Curtis Whatley is a past member of the 50CAN team. 

Here’s what educators, advocates, wonks and policymakers are talking about today:

News & analysis

Maryland: U.S. Department of Ed. to investigate NAACP complaint against Anne Arundel schools
The U.S. Department of Education’s Office of Civil Rights said that it will investigate allegations by the Anne Arundel branch of the NAACP that the county’s school system discriminates against African-American students when meting out discipline. The office’s March 29 decision came in response to a formal complaint filed last year by the National Association for the Advancement of Colored People that accused the school system of subjecting African-American students to different treatment than other students regarding discipline referrals, suspensions and expulsions. In 2004, the NAACP joined with a consortium of community organizations in bringing a similar complaint, which resulted in a 2005 memorandum of agreement mediated by the U.S. Department of Justice and signed by NAACP and county school officials. (Baltimore Sun)

Maryland: School funding gets fuzzy after budget crack-up
Legislators in Annapolis stunned Gov. Martin O’Malley, the media, and even themselves when they failed to pass a balanced budget plan on Monday, the last day of the legislative session, and put hundreds of millions of dollars in education funding in jeopardy. The budget belly flop was precipitated by the failure of legislators to vote on a proposal from O’Malley to increase taxes on those earning more than $100,000 annually. Legislators now face the prospect of an awkward special session to pass a new budget, or there will be cuts to various areas of state government, including education aid to public school systems. If a special session doesn’t clear up the budget fiasco, the state will be required to eliminate about $205 million in various forms of aid to K-12 schools, according to information from O’Malley spokeswoman Raquel Guillory and state department of education spokesman William Reinhard. Of that amount, $128 million would be lost to the state’s Geographic Cost of Education Index, which takes into account and helps make up for regional differences in education costs. Per-pupil state spending would drop by $70.9 million in total, through the reduction of the state’s per-pupil spending to $6,650 from $6,761.The state would also cut $5.2 million in teacher quality incentives and National Board certification fees. (The $205 million figure doesn’t include a $5 million cut to libraries.) It’s important to point out that nothing is final until July 1, when the 2013 fiscal budget kicks in, so legislators have about 80 days to come up with an alternative budget plan. (State EdWatch)

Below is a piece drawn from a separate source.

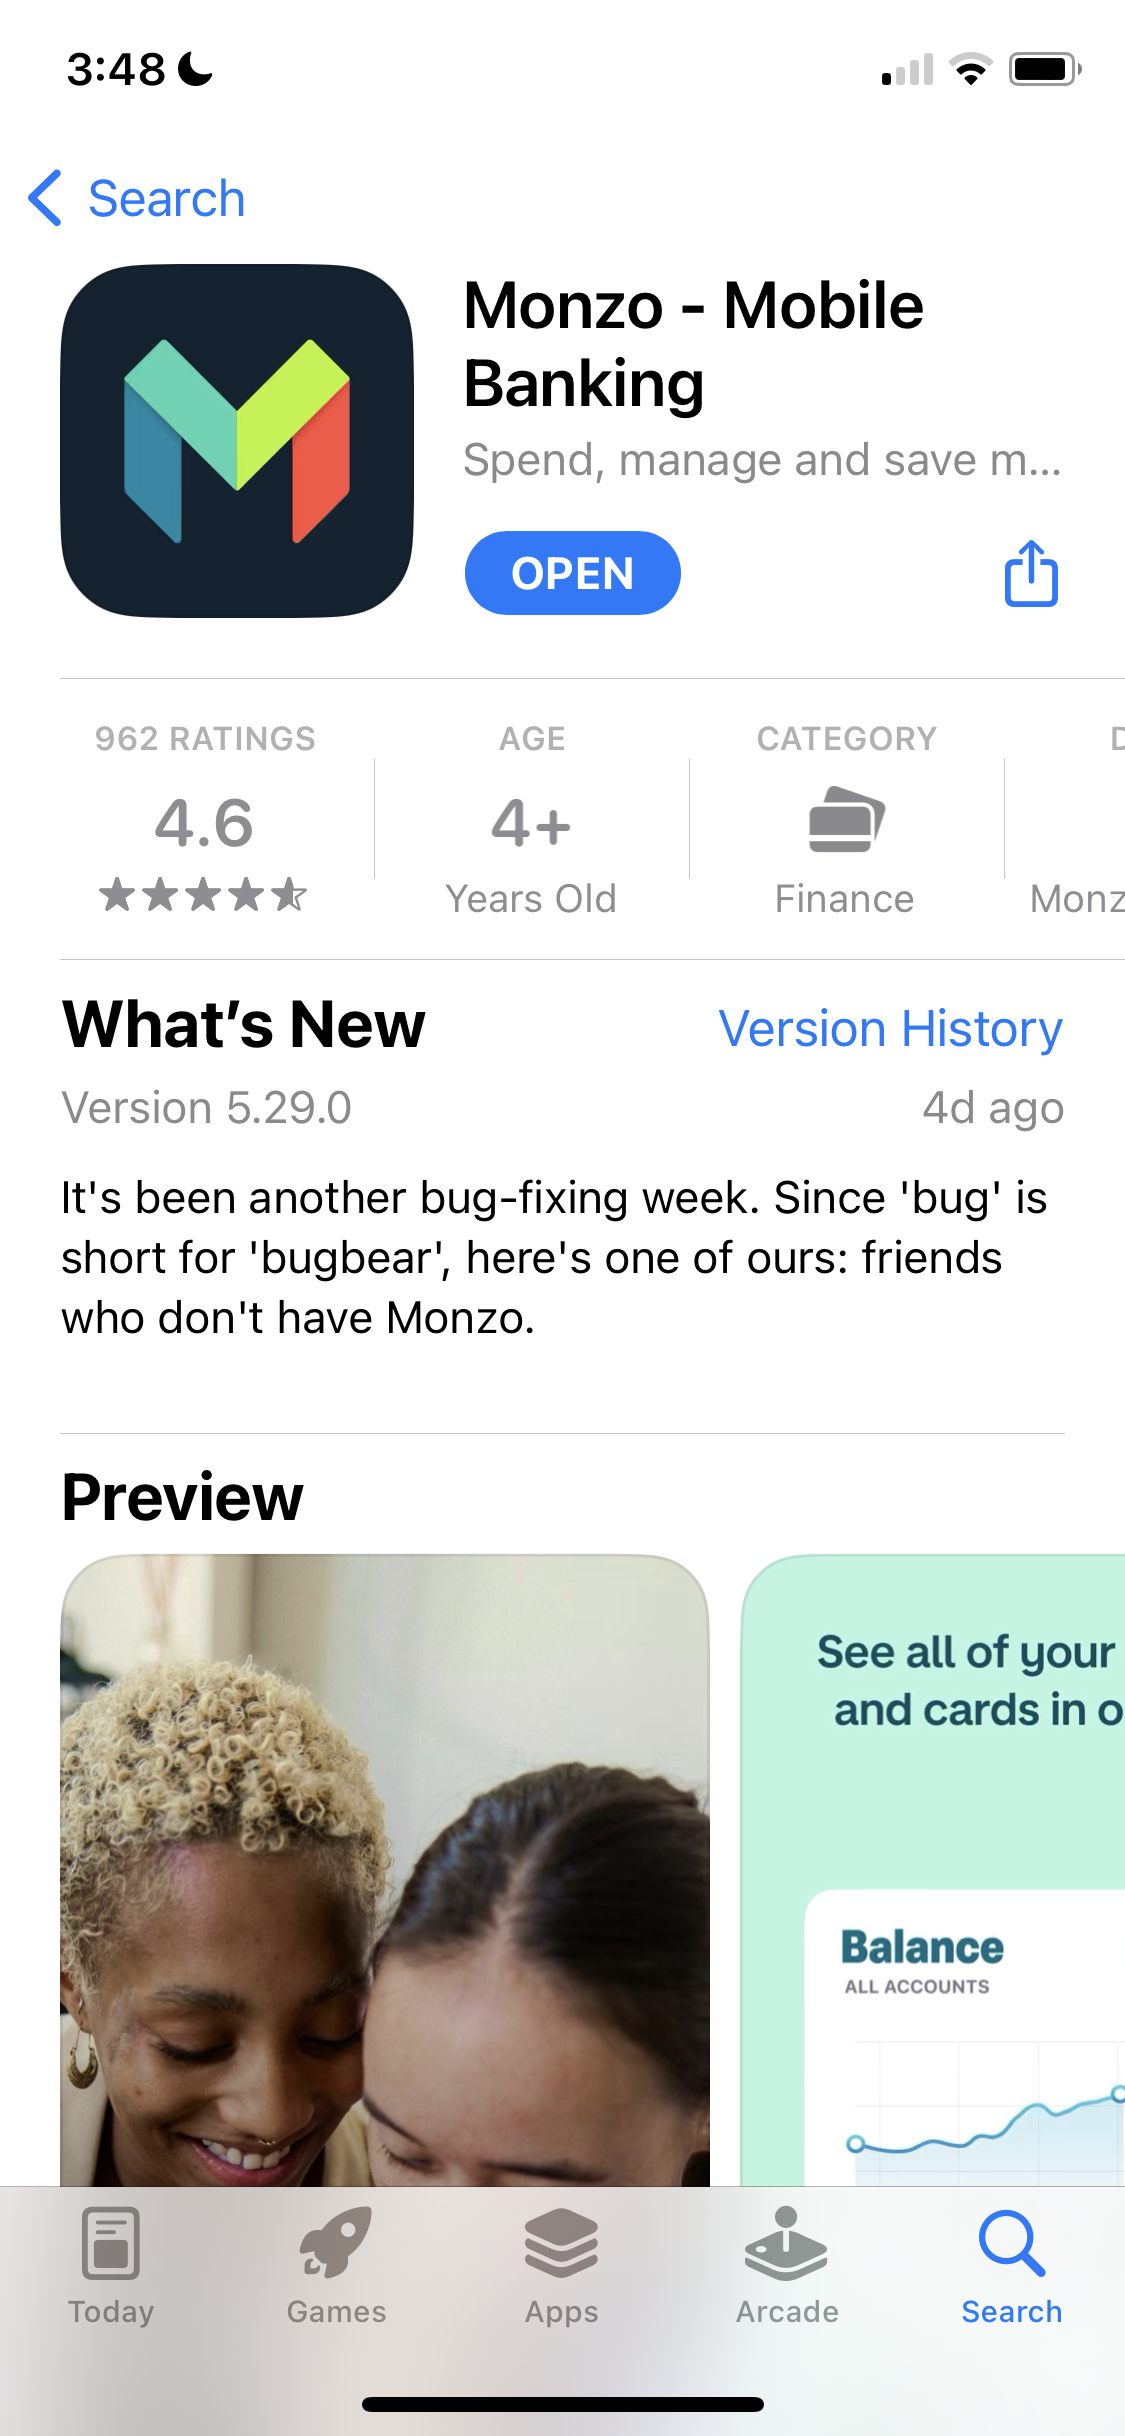 Monzo app store listing screenshot

New York: Spring break is admissions season at some city charter schools
At some city charter schools, Monday of spring break was earmarked for filling out next year’s class. The Success Charter Network held its annual enrollment lottery Monday morning, selecting students for 12 schools that are set to be open this fall. The schools have about 1,200 open seats, and 12,374 families applied for them, some for more than one school, according to figures provided by the network. About 30 percent of applicants are considered English language learners, according to the network, meaning that at least 20 percent of new students at most of the network’s schools this fall will be learning English as a second language. The Children’s Aid College Prep Charter School also held its admissions lottery, its first ever, on Monday, using a tiered system of preferences to the neediest of 500 applicants for 60 spots in the inaugural classes. The school aims to serve high-needs students and had recruited heavily among families in the foster care system and non-English-speaking communities. The state’s 2010 charter schools law set April 1 as the earliest allowable lottery date, and most city charter school chains held their lotteries last week before the break began. (Gotham Schools)

New York: New rules to speed teacher discipline cases
Provisions included in the state budget should speed up teacher discipline hearings and bring down costs. The changes will limit the pay of the hearing officers who decide the cases and force both sides to shorten the process. Though extremely rare, hearings required to fire a public school teacher in New York are notoriously slow and extremely expensive. The average “3020-a” hearing takes 502 days and costs $216,588. The state Education Department fund that pays for the process is almost $10 million in debt, and it takes more than a year to pay the arbitrators who hear the cases. The state Education Department can now set the rates for hearing arbitrators, who make up to $1,800 for a five-hour day. Hearing officers who fail to meet deadlines can be disqualified, and the number of study days for which they are paid is now limited. Stenographers, whose services can cost $1,000 a day, are no longer required because the changes authorize the use of new recording technologies. (Times-Union)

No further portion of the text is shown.